Photo courtesy of Betty Crocker
From the kitchen of One Perfect Bite...I don't often serve sandwiches for supper, but a busy day at the County Fair made them a great choice for dinner tonight. I might also add, a 2 pound package of pastrami managed to find its way its way into my grocery cart the last time I shopped at our local warehouse store. I needed to start using it, and what better way to do that than to make Reuben sandwiches. These days many restaurants serve Reubens as open-faced sandwiches. While I think they look beautiful when made that way, I also think that makes for a dry sandwich, so, when I make my own I enclose the filling and happily grill until my cheese is oozy. This is a simple sandwich to make and the only way you can go wrong is to overstuff or burn it. I've developed a formula of sorts to use when making Reubens. It helps me control the urge to overstuff the sandwich. The quantities in the recipe below work for us, but I urge you experiment until you come up with a formula that is perfect for your family. Here is how I make mine.

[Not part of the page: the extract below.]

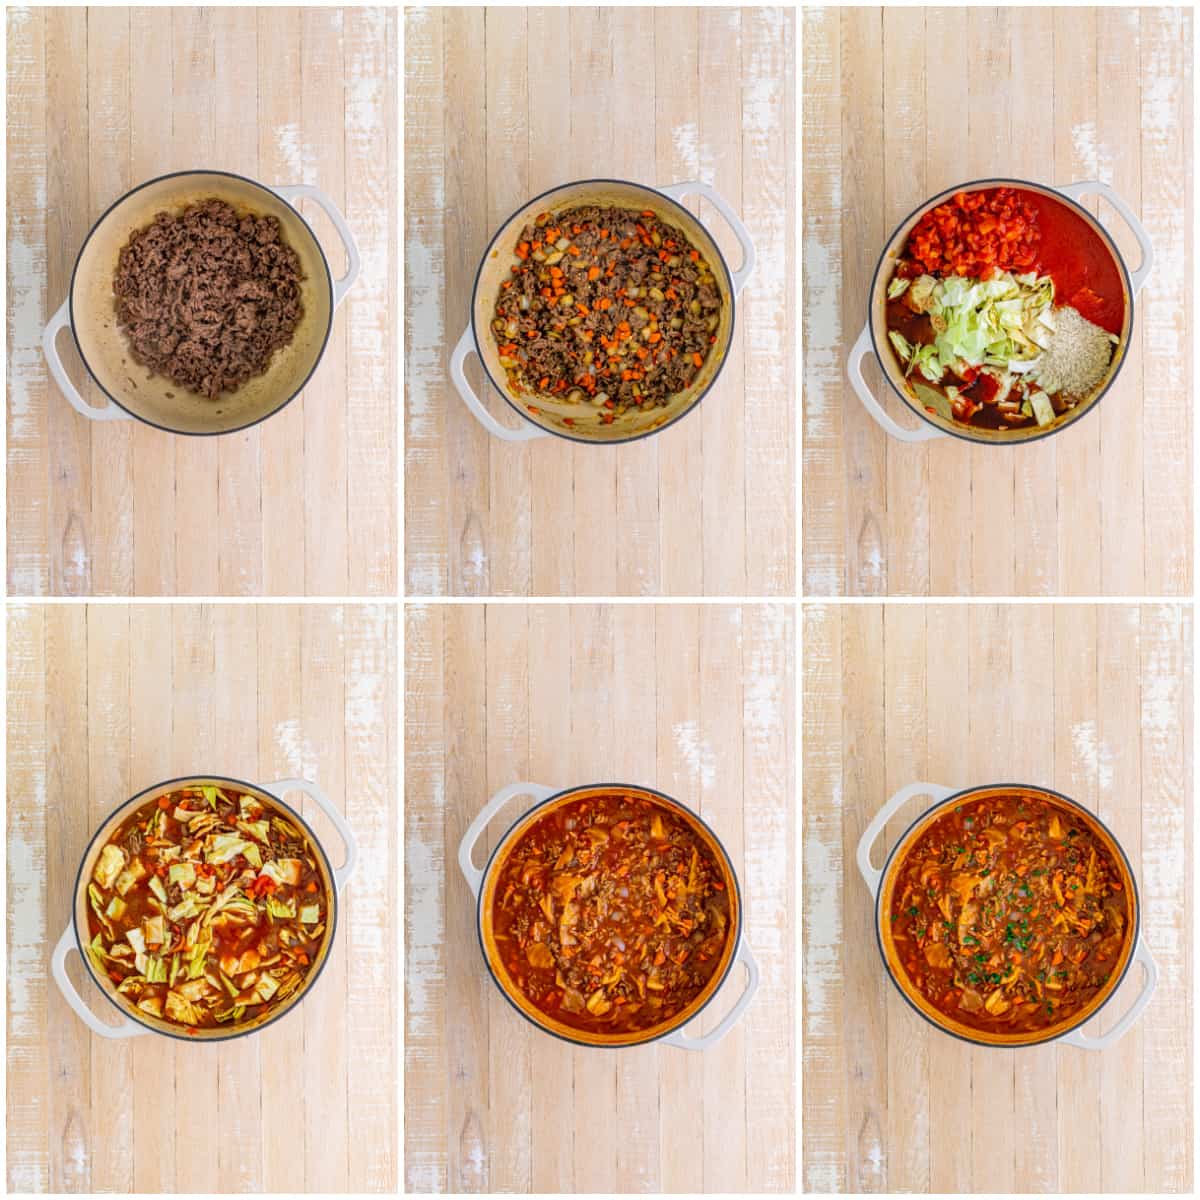 Step by step photos on how to make Cabbage Roll Soup.

Reuben Sandwiches...from the kitchen of One Perfect Bite
2 tablespoons soft butter
8 slices dark rye or pumpernickel bread
8 slices deli sliced corned beef or pastrami
8 slices Swiss cheese
1 cup sauerkraut, drained
1/2 cup Russian dressing (recipe below)
1) Preheat a large skillet or griddle on medium heat.
2) Lightly butter one side of bread slices. Spread non-buttered sides with Russian dressing. On 4 bread slices, layer 1 slice Swiss cheese, 2 slices corned beef or pastrami, 1/4 cup sauerkraut and second slice of Swiss cheese. Top with remaining bread slices, buttered sides out.

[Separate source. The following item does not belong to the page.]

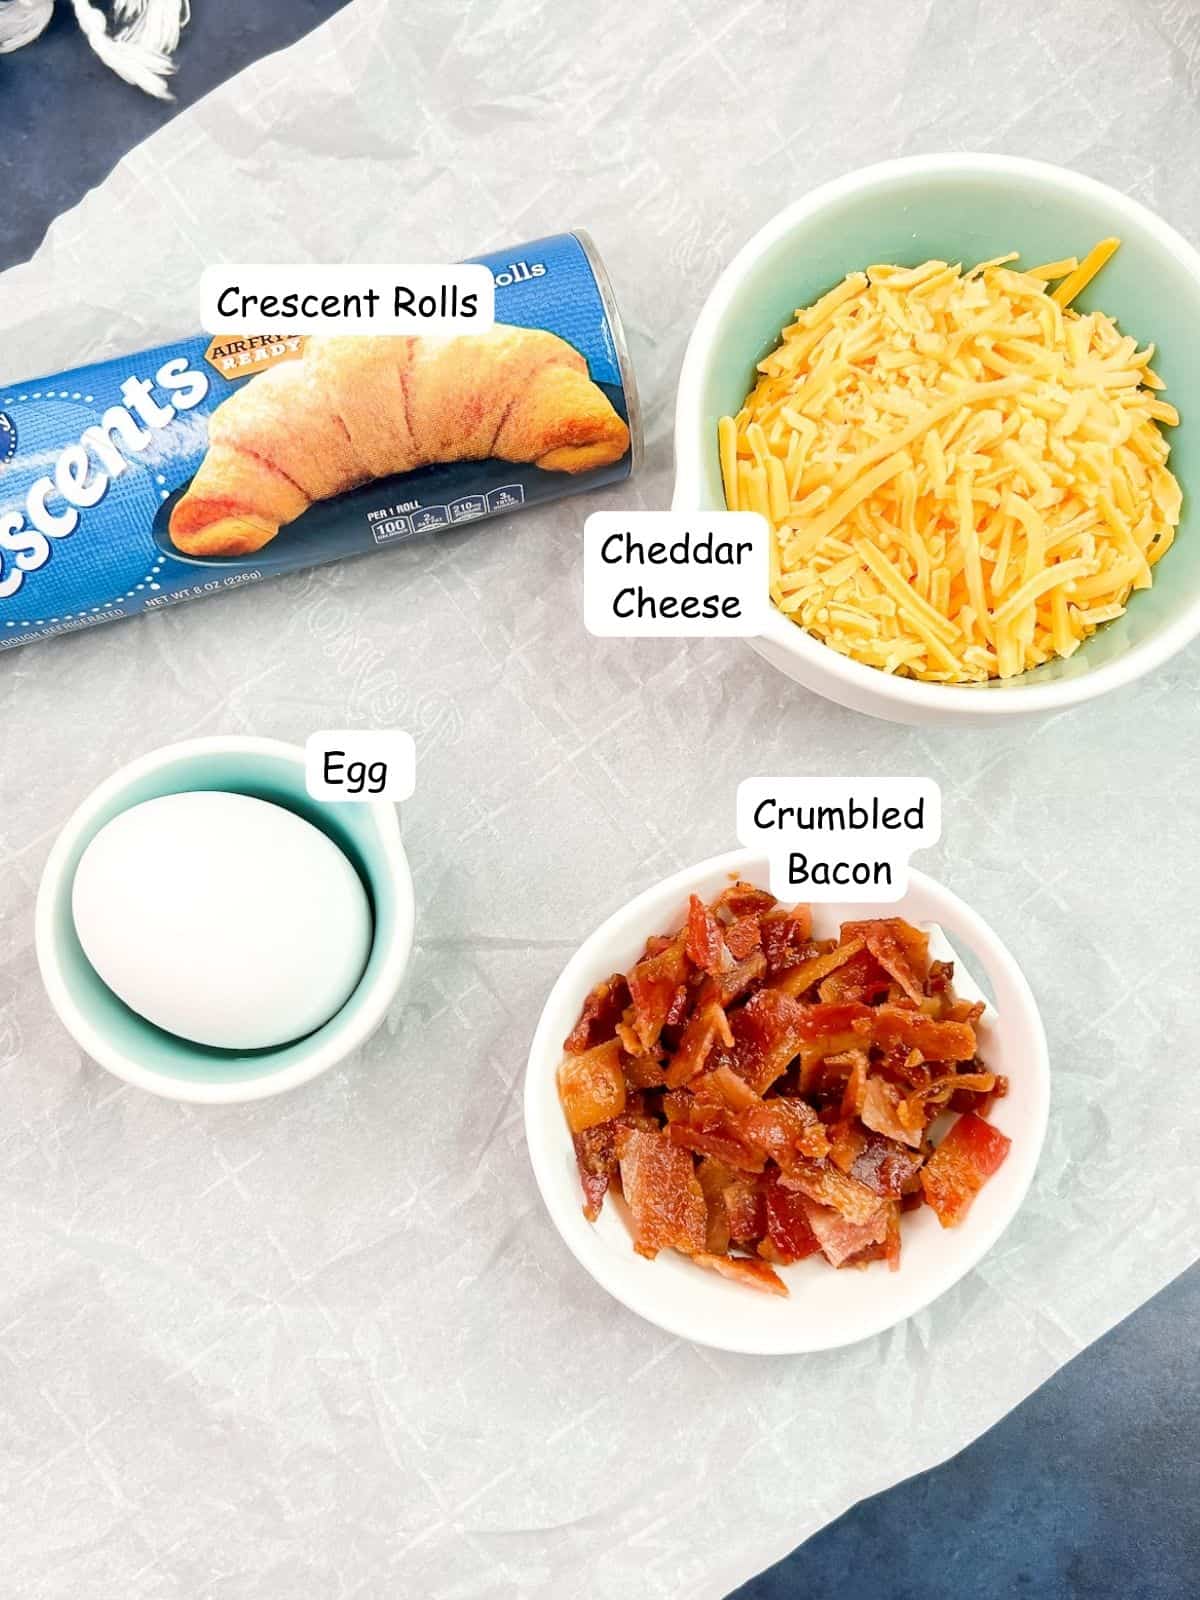 ingredients crescent rolls, crumbled bacon, cheddar cheese and egg.

3) Grill sandwiches until both sides are brown and cheese is melted. Serve immediately. Yield: 4 sandwiches.
Russian dressing, which was first called Russian mayonnaise, is a salad dressing first created by James Colburn in Nashua, New Hampshire around 1910. Contrary to popular belief, and despite the fact that they are used interchangeably, Russian dressing is not the same thing as Thousand Island dressing. The addition of horseradish makes Russian dressing far more piquant than the sweeter Thousand Island dressing.
Russian Dressing...from the kitchen of One Perfect Bite
1 cup mayonnaise
1/4 cup chili sauce, cocktail sauce or ketchup
1 tablespoon bottled horseradish, drained
1 teaspoon minced onion
In a glass bowl, combine mayonnaise and other ingredients. Chill. Store unused portion in refrigerator, where it should keep for a day or two — or longer if you used store-bought mayonnaise. Makes about 1 cup of Russian dressing.